A fast respiratory navigator (fastNAV) was developed for dynamic contrast enhanced CMR perfusion imaging by combining spatially non-selective saturation with slice-selective tip-up and slice-selective excitation pulses. A calibration scan was developed to enable the estimation of subject-specific tracking factors. Prospective motion correction using fastNAV was applied to perfusion imaging in 10 patients under free-breathing conditions. Compared to conventional perfusion imaging, fastNAV reduced the effect of respiratory motion while no difference in image quality was observed.

Introduction

First-pass cardiac magnetic resonance (CMR) perfusion imaging is widely used for patients with suspected coronary artery disease. While breath-holding acquisitions are not always effective, prospective respiratory motion correction using a navigator and slice tracking can reduce through-plane motion (1,2). CMR perfusion imaging is based on saturation-recovery, posing a challenge for obtaining a consistent navigator signal while keeping the temporal footprint to a minimum and avoiding a reduction in perfusion image quality (3–7).

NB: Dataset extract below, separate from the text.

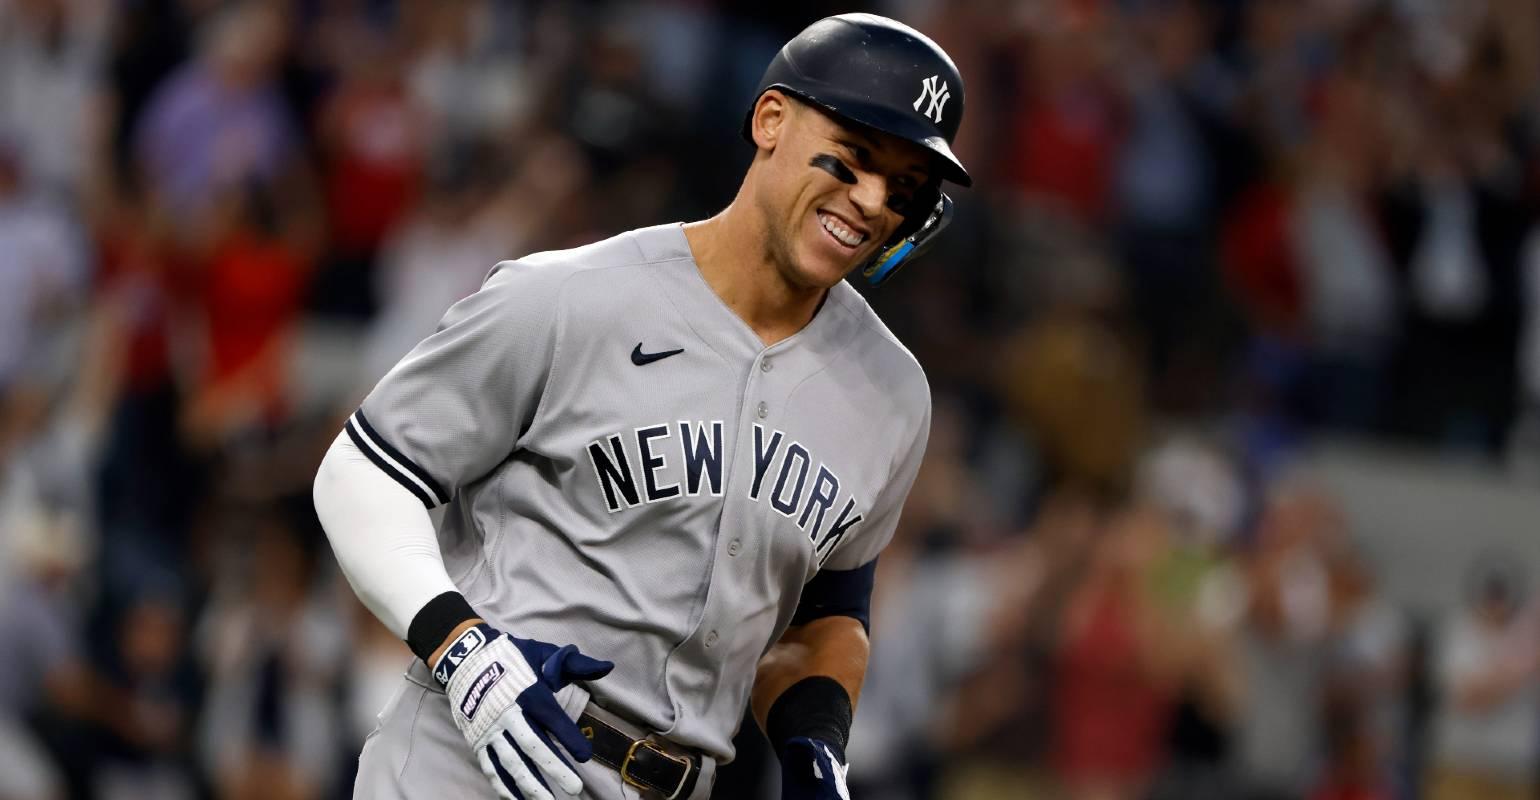 New York Yankees' Aaron Judge smiles after a home run by Yankees

Furthermore, while a fixed tracking factor is often used to relate right hemi-diaphragm (RHD) navigator motion to cardiac motion (1,2), subject-specific tracking factors can improve motion correction even further (8,9). Here, a fast navigator (fastNAV) was develop for perfusion imaging and tested using subject-specific slice tracking (10).

Methods

Pulse sequence
The prototype navigator signal is obtained by combining spatially non-selective saturation (for perfusion imaging) with slice-selective tip-up and slice-selective excitation pulses (Figure 1A&B). The slice-selective tip-up pulse (-90˚flip-angle, 40mm thickness) was between a BIR4-90 adiabatic saturation pulse (11,12) and a spoiler gradient. The navigator excitation slice (15˚ flip-angle, 20mm thickness) was angulated from the tip-up slice in the transverse plane to generate signal from the overlap of these two pulses on the RHD. Gradient-recalled navigator signal was frequency encoded in the superior-inferior direction (Figure 1C). Additional time per navigator: 15ms, including 5ms for real-time feedback.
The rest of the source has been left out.